## Requirement
Which lines of the records contain the word "Sleeve"? Show each of them.

Records from a dataset

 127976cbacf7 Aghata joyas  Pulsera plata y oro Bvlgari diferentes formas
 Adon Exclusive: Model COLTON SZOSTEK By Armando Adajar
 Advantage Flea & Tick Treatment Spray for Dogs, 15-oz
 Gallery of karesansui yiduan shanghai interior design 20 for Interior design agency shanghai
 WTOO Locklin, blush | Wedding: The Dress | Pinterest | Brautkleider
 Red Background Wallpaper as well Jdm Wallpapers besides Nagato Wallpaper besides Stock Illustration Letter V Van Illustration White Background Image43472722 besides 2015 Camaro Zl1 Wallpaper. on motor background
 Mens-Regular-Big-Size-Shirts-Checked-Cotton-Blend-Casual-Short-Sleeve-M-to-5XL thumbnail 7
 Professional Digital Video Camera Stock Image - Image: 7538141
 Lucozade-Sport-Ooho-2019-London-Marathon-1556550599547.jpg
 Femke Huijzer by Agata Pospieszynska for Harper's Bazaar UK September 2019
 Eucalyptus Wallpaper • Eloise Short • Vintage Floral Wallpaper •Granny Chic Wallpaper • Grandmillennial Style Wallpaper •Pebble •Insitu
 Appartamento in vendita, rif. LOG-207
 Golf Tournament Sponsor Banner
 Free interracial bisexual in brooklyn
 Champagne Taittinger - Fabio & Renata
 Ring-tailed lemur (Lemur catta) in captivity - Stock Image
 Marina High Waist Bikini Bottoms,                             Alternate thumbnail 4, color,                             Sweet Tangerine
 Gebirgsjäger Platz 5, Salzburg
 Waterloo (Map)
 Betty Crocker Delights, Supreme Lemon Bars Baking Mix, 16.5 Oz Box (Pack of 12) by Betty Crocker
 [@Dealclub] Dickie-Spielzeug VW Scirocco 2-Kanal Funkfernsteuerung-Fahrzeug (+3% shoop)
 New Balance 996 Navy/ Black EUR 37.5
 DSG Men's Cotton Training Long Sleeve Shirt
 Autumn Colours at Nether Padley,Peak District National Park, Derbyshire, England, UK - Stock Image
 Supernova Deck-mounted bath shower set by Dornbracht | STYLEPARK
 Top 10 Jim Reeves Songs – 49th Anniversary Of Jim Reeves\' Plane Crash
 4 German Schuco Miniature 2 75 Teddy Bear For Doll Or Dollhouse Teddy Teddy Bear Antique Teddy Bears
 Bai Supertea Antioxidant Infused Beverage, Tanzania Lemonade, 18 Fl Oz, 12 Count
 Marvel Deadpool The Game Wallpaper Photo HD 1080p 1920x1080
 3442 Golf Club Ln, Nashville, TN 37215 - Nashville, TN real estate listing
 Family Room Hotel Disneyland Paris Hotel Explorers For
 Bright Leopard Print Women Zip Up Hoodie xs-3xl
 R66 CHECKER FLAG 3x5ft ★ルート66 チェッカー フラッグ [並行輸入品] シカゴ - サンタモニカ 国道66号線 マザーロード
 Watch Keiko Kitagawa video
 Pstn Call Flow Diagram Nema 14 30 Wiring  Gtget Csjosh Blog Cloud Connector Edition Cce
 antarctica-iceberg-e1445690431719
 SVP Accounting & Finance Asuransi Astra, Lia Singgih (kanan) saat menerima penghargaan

## Exercise output
 Mens-Regular-Big-Size-Shirts-Checked-Cotton-Blend-Casual-Short-Sleeve-M-to-5XL thumbnail 7
 DSG Men's Cotton Training Long Sleeve Shirt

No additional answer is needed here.